Industry experts say ACH fraud is on the rise and the trend is catching banks off guard.
The Automated Clearing House (ACH) network has traditionally been considered low risk, but as it's become more widely used, criminals are targeting it more, experts said. ACH payments include direct payroll deposits, business-to-business payments and direct payment of consumer utility bills. According to the NACHA, the electronic payments association that oversees the ACH network, there were more than 18.2 billion ACH payments last year, up 1.2 million from 2007.
"It seems to be the favorite fraud target in the last few months," said Avivah Litan, vice president and distinguished analyst at Gartner Inc. "It's a big issue and there's not a lot of protection against ACH and wire fraud. Most banks counted on strong user authentication. They figure if they have a one-time password token, that it would be enough. It's not enough."
Paul Henninger, director of fraud solutions at transactional risk management software firm Actimize Inc., estimates that the company has seen about a 25% to 30% increase in attempted ACH fraud over the past year, and the rise has prompted a significant number of financial institutions to investigate more sophisticated transaction monitoring systems.
"The increase in ACH fraud is largely due to the fact that it's a more accessible payments product for retail customers, who have historically been more vulnerable to fraud due to Trojans, phishing, etc.," he said.
The ACH channel hasn't gotten as much scrutiny from banks as other channels when it comes to fraud, while the risk has increased with more checks being converted to ACH transactions, said Nick Holland, a senior analyst at Aite Group LLC, a Boston-based research and advisory firm.

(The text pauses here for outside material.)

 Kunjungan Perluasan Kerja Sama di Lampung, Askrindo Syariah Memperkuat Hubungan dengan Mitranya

Plus, with big institutions using ACH to transfer funds, the damage from ACH fraud can be significant, he said, and criminals haven't missed a beat.
"The fraudsters, as always, have the upper hand," he said. "They know where the vulnerabilities are."

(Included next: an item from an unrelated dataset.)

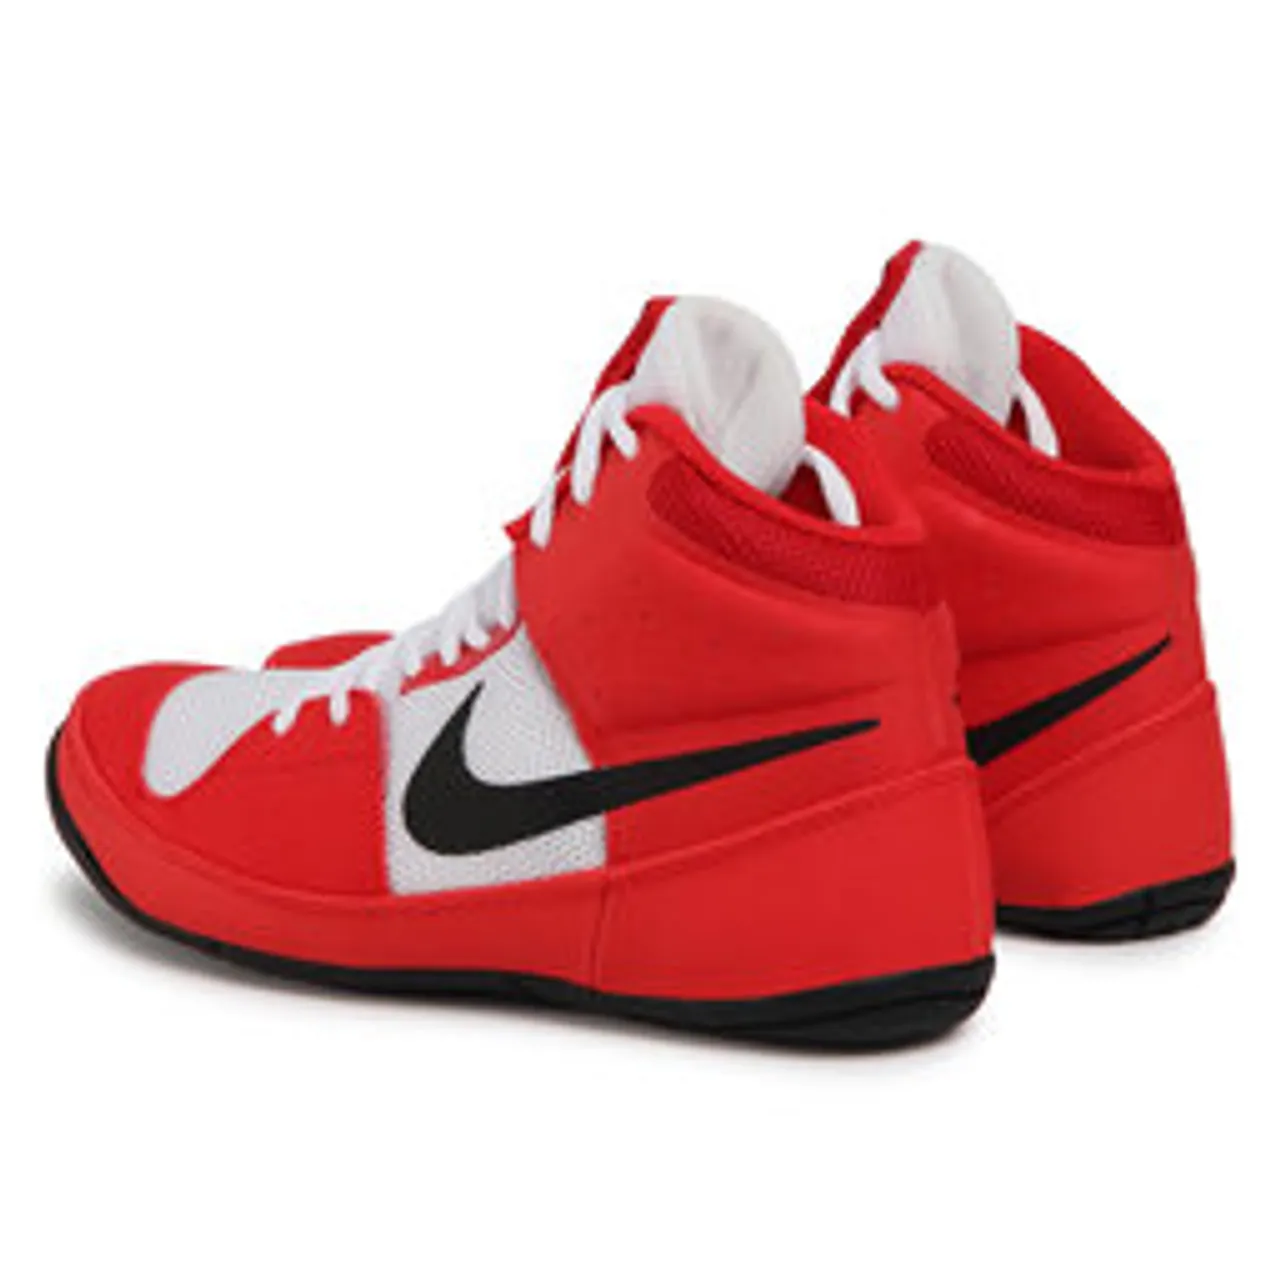 Schuhe Nike Fury A02416 601 University Red/Black/White

Originally, ACH transactions were between known parties and were preauthorized by the account holder, said Mike Urban, senior director of fraud solutions at risk analytics provider FICO. Several new types of on-demand and check conversion transactions have changed that, which has increased the risk. "Receiving financial institutions now find out about an ACH transaction as it happens, rather than before it happens," he said.

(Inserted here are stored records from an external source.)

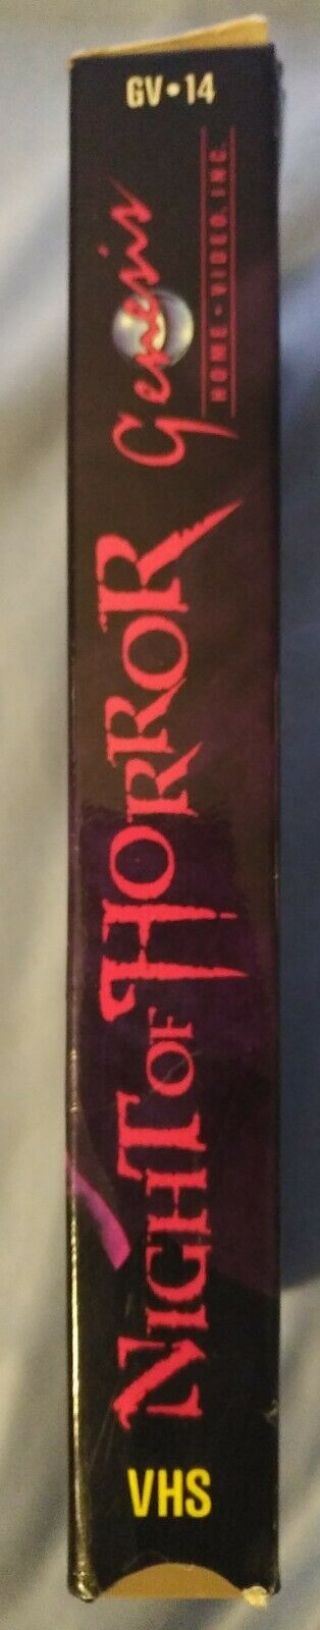 Night of Horror - VHS 1981,  RARE Genesis Home Video label,  horror 3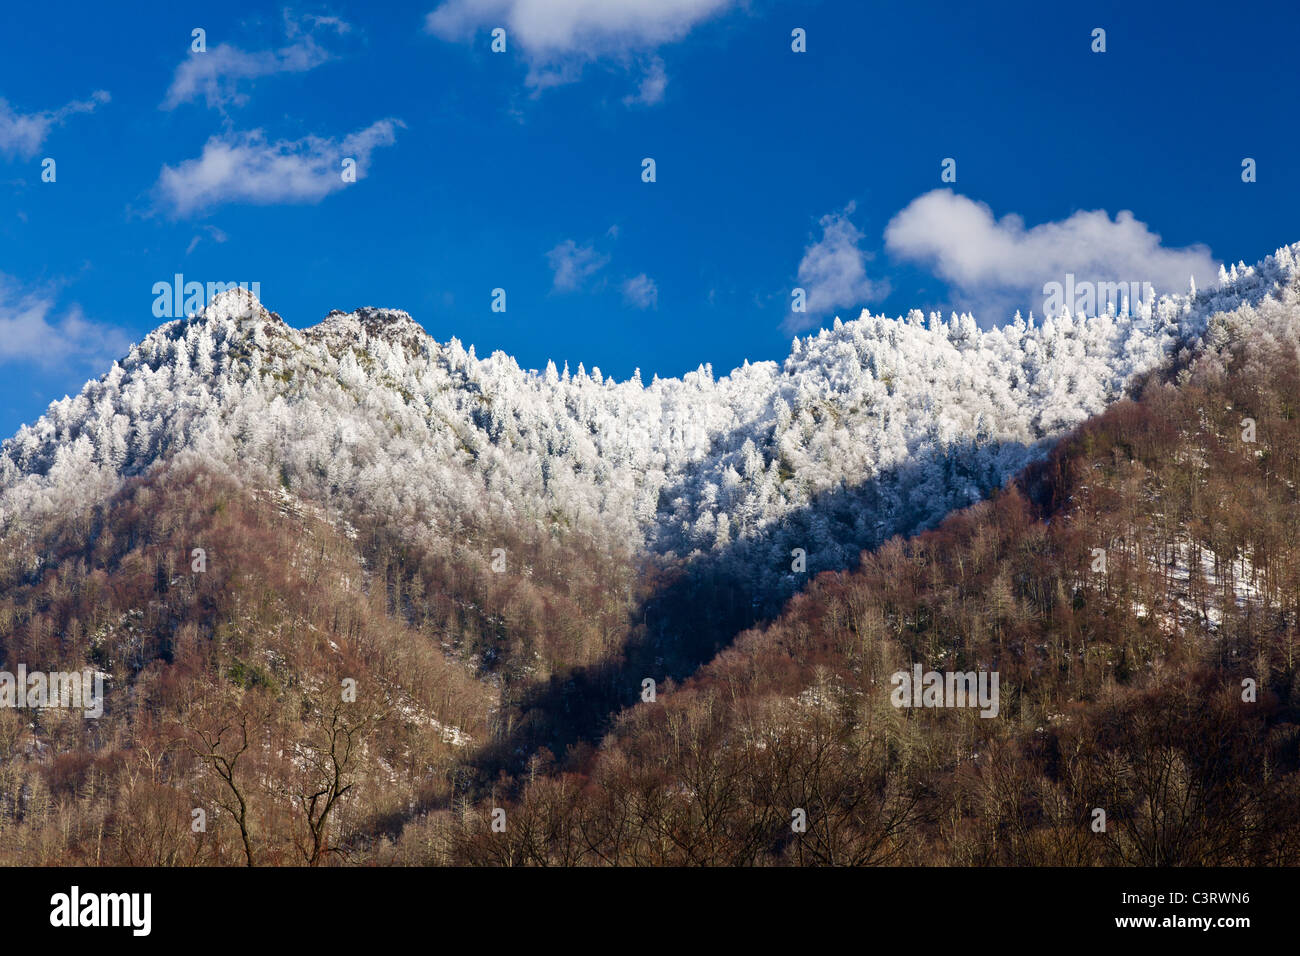 Parco Nazionale di Great Smoky Mountains, STATI UNITI D'AMERICA - Vista di comignoli ricoperta di neve Foto Stock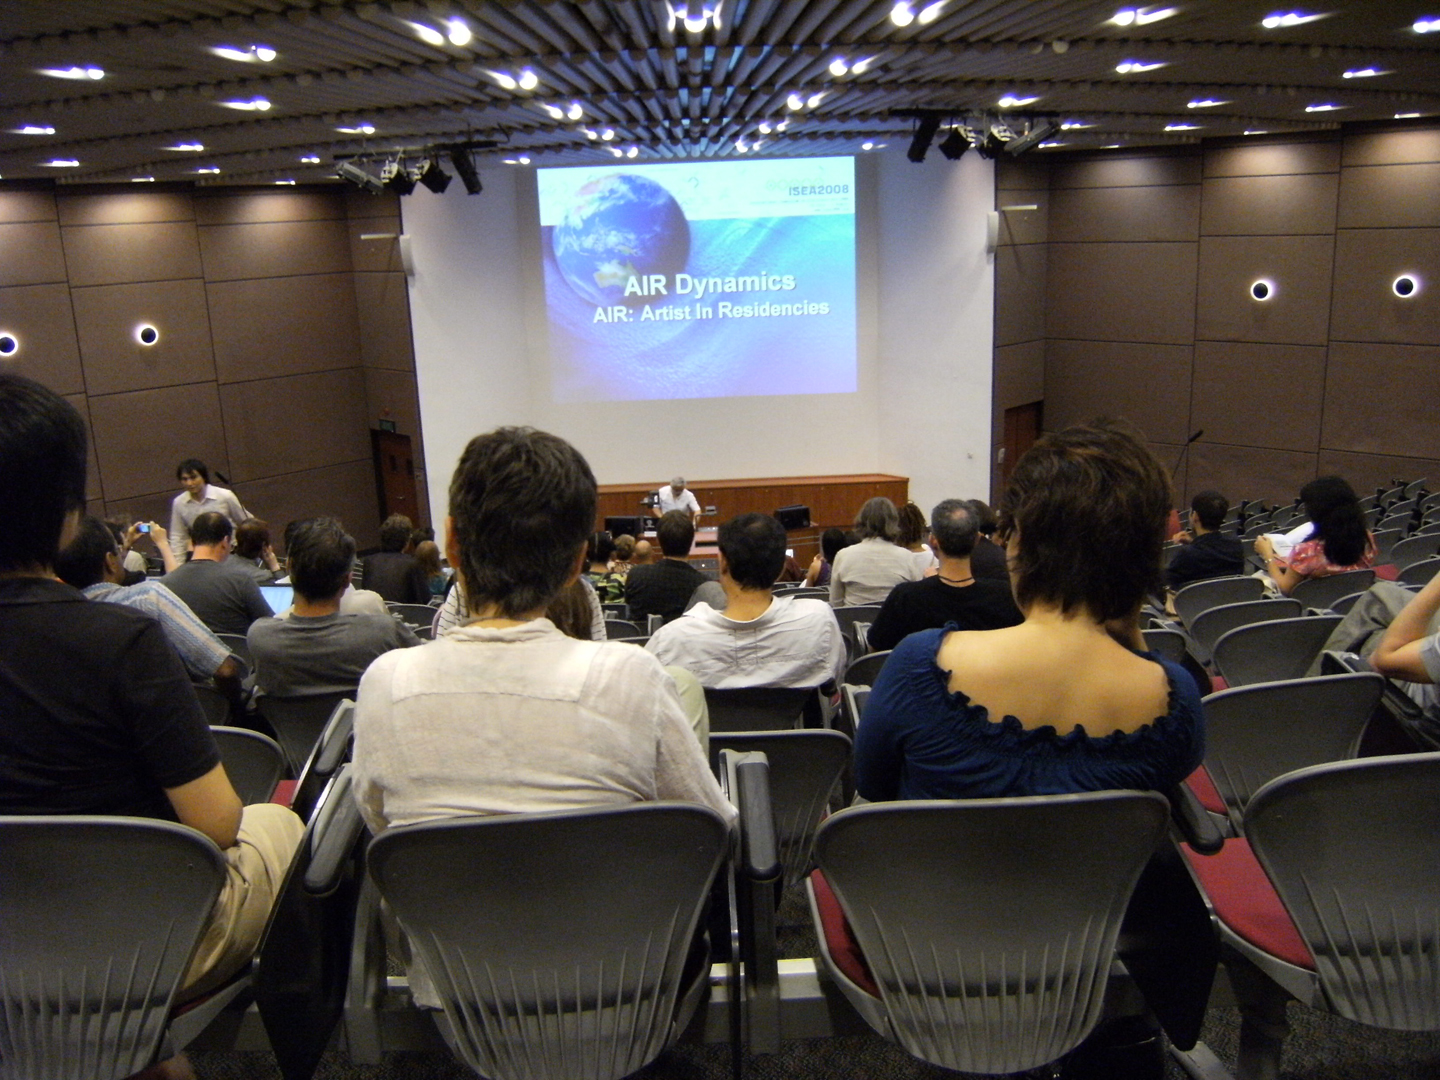 ©ISEA2008: 14th International Symposium on Electronic Art, Sam Furukawa, Air Dynamics

ACH fraud schemes run the gamut, experts said. One type of ACH fraud involves a criminal compromising a commercial customer's online credentials, generating an ACH file in the originator's name, and quickly withdrawing money before the true originator uncovers the fraud, said Mike Mulholand, director of fraud solution strategy at enterprise fraud management company Memento Inc. On the retail side, a fraudster steals a customer's online credentials and if the victim has automated bill pay, can add himself as a bill pay recipient.
Other schemes involve company or bank insiders modifying ACH files to steal money and fraudsters making micro deposits to multiple accounts to verify valid ones, he said.
Gartner's Litan said ACH fraudsters have become more targeted in their approach and are taking the time to identify cash managers at businesses in specific geographical areas. "Now they know who the corporate cash managers are and which banks they're likely to do business with," she said. "A couple years ago it wasn't that sophisticated."
Criminals also exploit ACH for kiting schemes, similar to check kiting, Urban said. They "leverage ACH's short window on fund movement and availability ... to transact increasing dollar value ACH transactions to boost accounts and cover other accounts across financial institutions," he said. They then siphon the funds through other channels such as an ATM.
Mulholand predicts ACH fraud will inevitably grow. For the most part, both retail and commercial customers access ACH transactions through online banking, he explained. "The nexus between online banking and ACH fraud will grow stronger as more people move away from writing checks and into a true electronic payment system. Online banking will be the gateway to that electronic payment system and fraudsters will move there also."
The riskiest ACH transactions are those between two parties that don't necessarily know each other performing one-time transactions, he added, noting that's a low but growing percentage of transactions right now.
Financial institutions are very concerned about the potential for increased ACH fraud, according to survey by Aite Group of 23 North American banks and credit unions last fall. Eighty-six percent said ACH fraud will be an important or extremely important concern by 2011.
To tackle increasing ACH fraud, Aite Group's Holland said banks need to take a holistic approach to fraud management. "They need to keep up to speed with the way the criminal element is looking for loopholes and the points of least resistance," he said.
Gartner advises institutions to take a three-pronged approach: strong authentication via a token or other mechanism, fraud detection and verification of suspicious transactions through another channel.
"If you use those three together, you can really stop most of the fraud," Litan said. "But right now most banks are not prepared for this."